Fighting Fate (Granton University #1)(17)
“Yes, of course you may.” Sam’s voice was soothing, which only made Logan feel worse. “Feel free to jump in whenever you like, Paige. We’re a very laid-back group.”
“I miss my brother’s laugh,” Paige said, her gaze still on Logan.
The pain on her face made his bones shudder with regret. He closed his eyes, unable to hold her accusing stare, wishing he could do something—anything—to take her anguish away, to take it all away.
“How long has he been gone?” Sam asked softly.
“Almost three years.”
It’ll be three years exactly on February fifth, Logan silently added.
“He was killed,” Paige said.
Logan flinched. Though the air conditioning had just turned on, blowing a cool breeze across the back of his neck, his body heated uncomfortably, sweat seeping from his brow. He opened his lashes to find Paige still watching him from her beautiful, hate-filled eyes.
He wanted to bolt, to dart away and never look back, but fear paralyzed him. He couldn’t budge, couldn’t even break eye contact as she kept talking.
“My brother died when I was fifteen and he’d only been eighteen for a week.”
He deserved this, Logan told himself. But, God, he felt sick. He wasn’t sure if he was going to vomit or pass out. Maybe both.
Though his body went into full panic mode, he stayed horrifyingly conscious as she continued.
“He was a basketball player and had just led his team in winning the most important game of the season against our biggest rivals. Afterward, he went out celebrating with his girlfriend and their friends, and ran across a couple members of the losing team.”
Shoulders lifting and lips parting, Logan sucked in an unsteady breath. He tore his gaze away from her and stared blankly at a spot on the floor in the center of the circle, lost in his own memories of that night.
“When he got into a fight with the captain of the opposing team, he was knocked unconscious and hit his head on a glass bottle when he fell. He died instantly.”
Instantly was right. It still traumatized Logan to realize just how instantly a person could die. How unexpectedly.
“I’m so sorry, dear,” Sam murmured. “It must’ve been tragic.”
Paige nodded once. “The boy who killed him never saw the inside of a jail cell. His father was some rich, fancy lawyer who got him off without a trial. He convinced everyone who was there that night, even a couple of my brother’s friends, to say Trace had started the fight and thrown the first punch. My poor dead brother couldn’t defend himself, so they made him out to look like some kind of hot-headed delinquent.”
Logan couldn’t decide what was worse: Paige Zukowski publicly condemning him to everyone in the group or his waiting for her to publicly condemn him. Yet, with each word she spoke, his name didn’t cross her lips, and he decided the anticipation would take him long before the revelation would.
Why wasn’t she pointing at him already and telling everyone he was the murderer?
“After that, my entire family fell apart. My father started drinking, more and more each night until he became a mean drunk. He lost his job within a couple months of Trace’s death. My mom disappeared into some dark place inside herself.”
She paused with a ragged shudder. For a brief moment, Logan thought she was going to start crying. He panicked. He wouldn’t be able to handle seeing her cry.
But then she fisted her hands and gritted her teeth before she snarled, “She killed herself. Two years after Trace died, she put a gun in her mouth and pulled the trigger.”
Say what?
Logan jolted, ready for her to laugh and say Gotcha, but the dull agony in her eyes, the icy whiteness of her skin let him know this was no joke.
He’d had no idea her mother had committed suicide.
Forget merely puking, he felt as if every particle of his being was going to explode.
But to learn he had not just one death on his conscience now, but two, was more than he could take. And there was no way he could deny culpability for the death of Trace’s mother. No way would she have killed herself if he hadn’t taken her son away first and destroyed her family.
Paige sat stone still across the circle from him, staring a hole into the back wall. He couldn’t imagine what she was going through. Losing two people so terribly in the space of three years was simply unbelievable.
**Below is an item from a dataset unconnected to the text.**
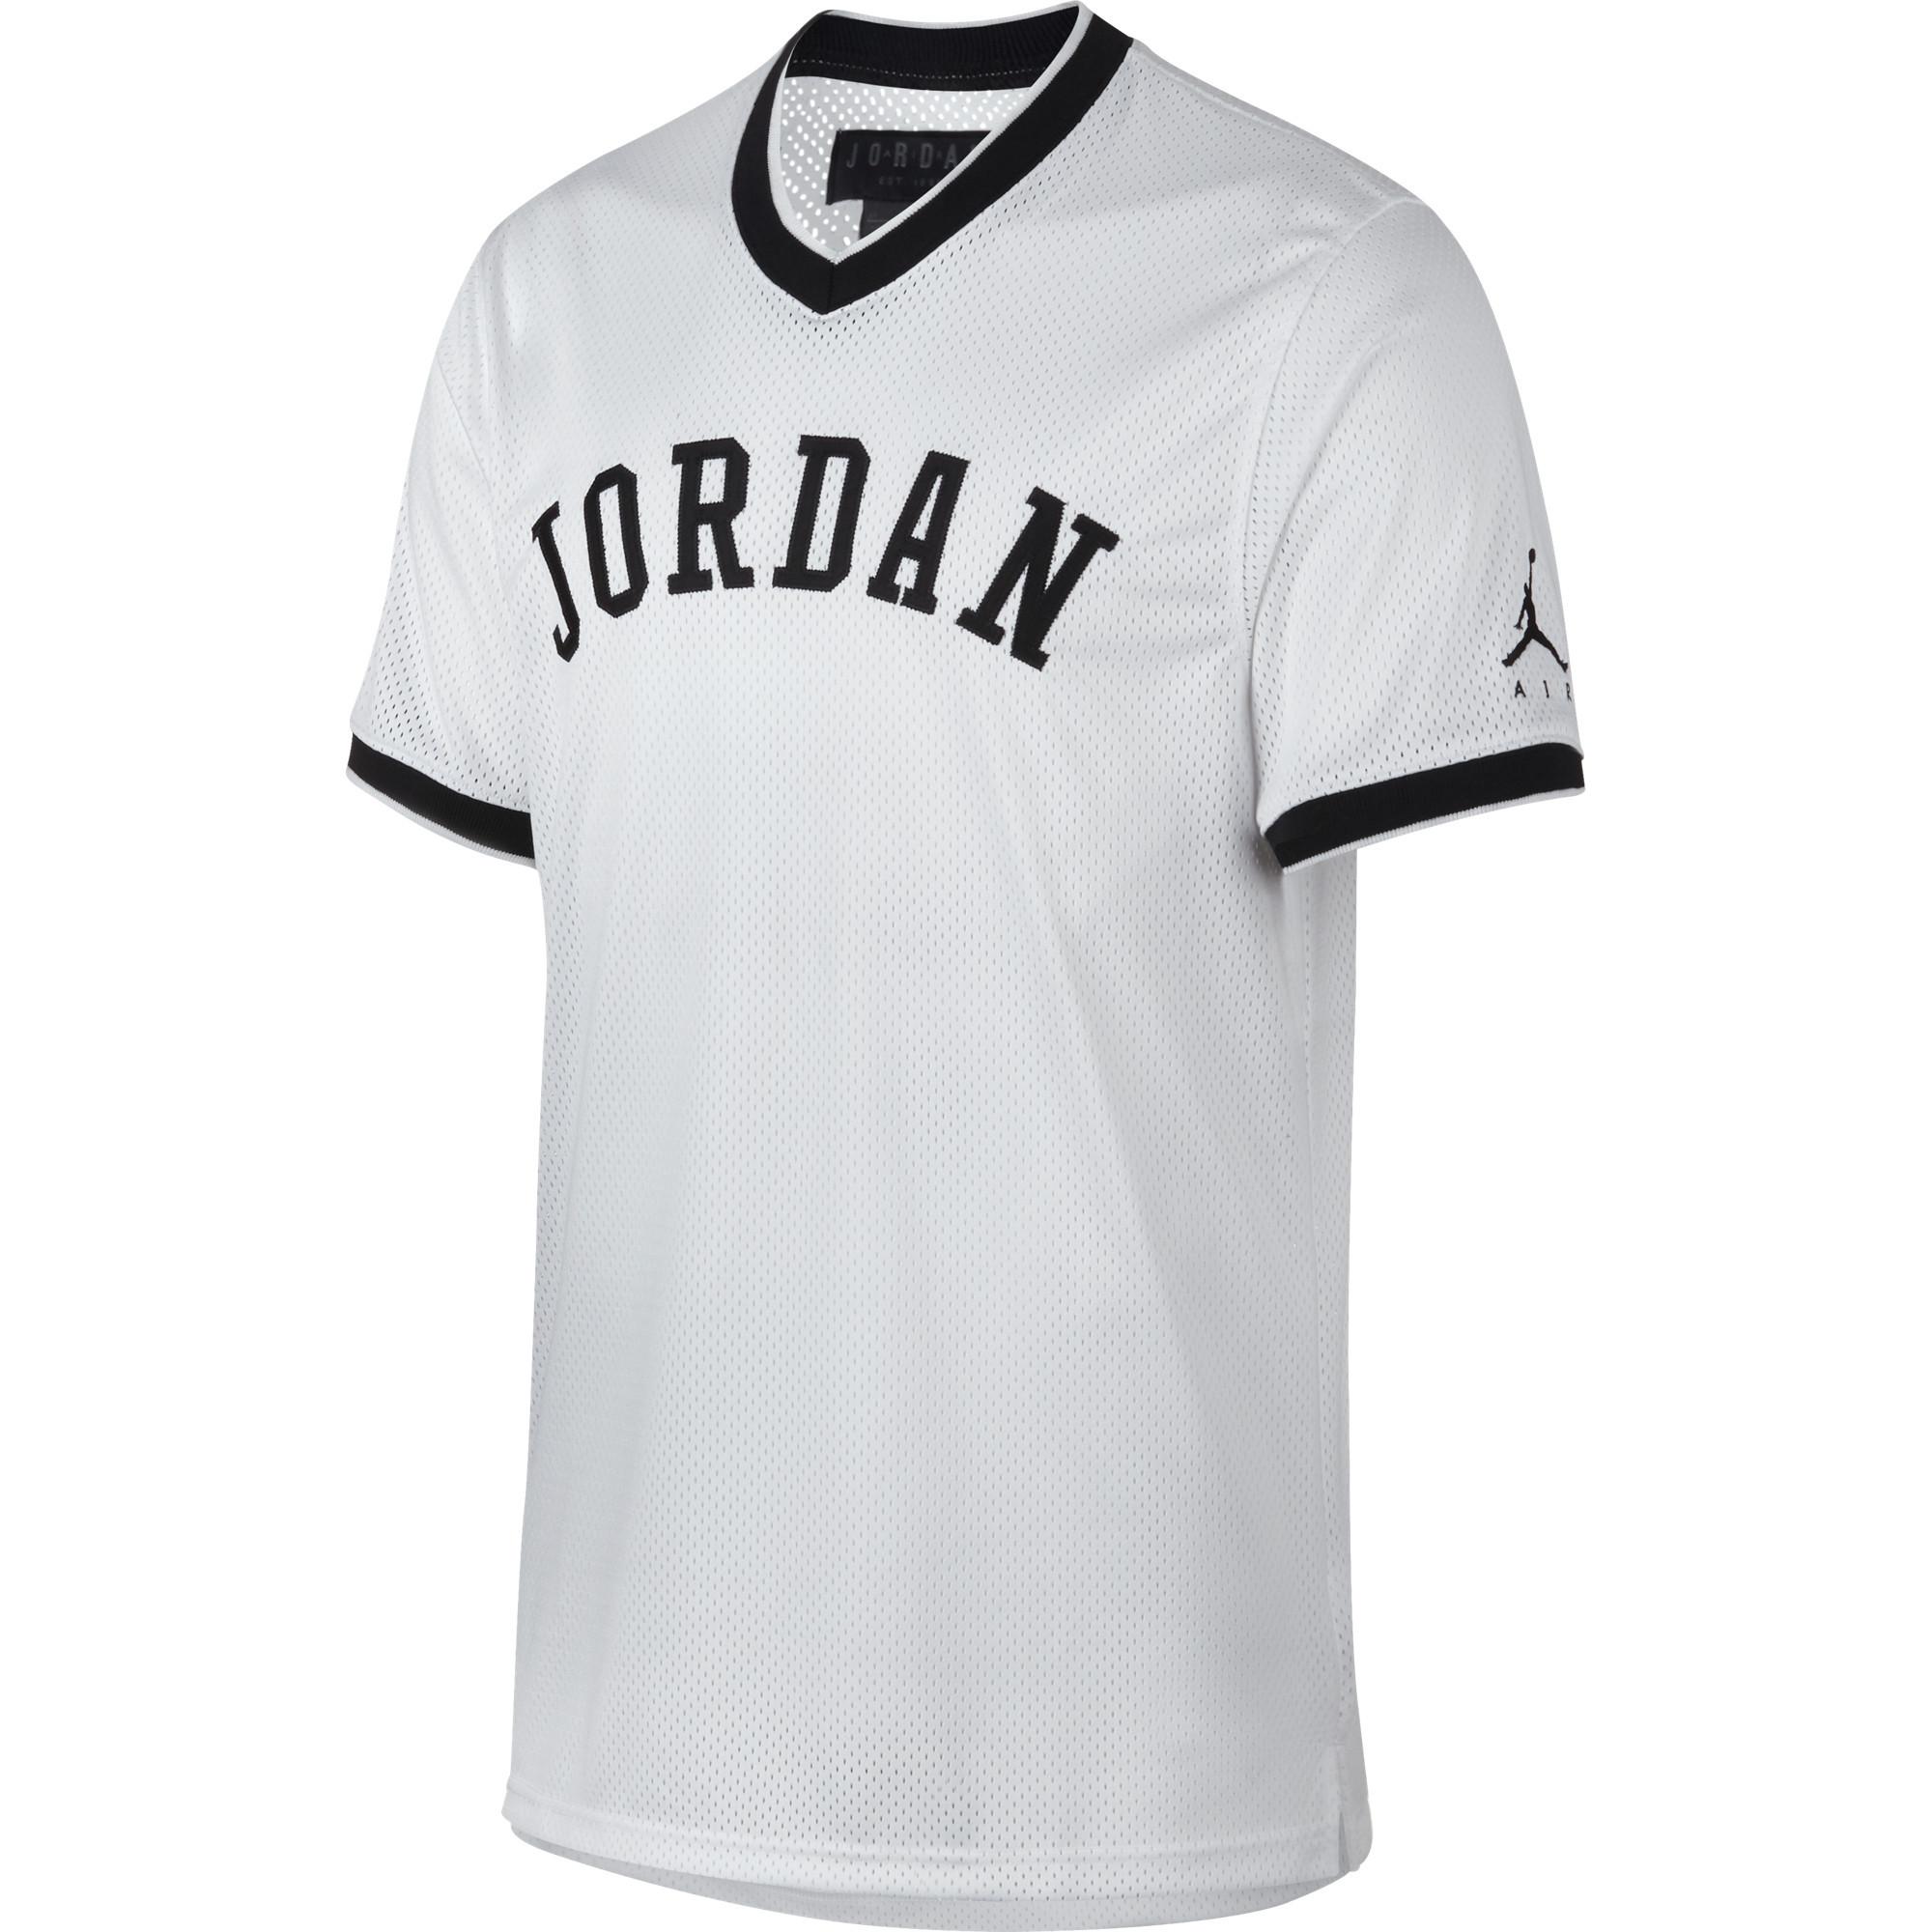 Tee shirt Nike JORDAN JUMPMAN AIR MESH DownTownStock.Com

Beside her, Kevin reached out to take her hand in a sympathetic squeeze. Logan stared hard at their connection, hoping she found some measure of comfort from the contact. But Paige politely slipped her fingers out from under Kevin’s and folded them in her lap.
Silence echoed through the large Crimson Room. Logan wanted to shout for someone to console her already. He couldn’t handle watching her hurt, knowing he was the reason.
“I sense a lot of anger still in you, Paige,” Samantha finally said. “You sound mad at your mother for deserting you as much as you sound upset with the boy who fought with your brother.”
Logan held his breath as he watched Paige meet Samantha’s stare. “I am,” she said simply. Her shoulders shuddered as if it took everything she had to contain her rage. He closed his eyes, unable to watch.
“And if this boy or your mother were here right now,” Sam pressed softly, “what would you say to either of them?”
Oh God.
Opening his lashes, he glanced up and found her looking directly at him, dooming him with her glare.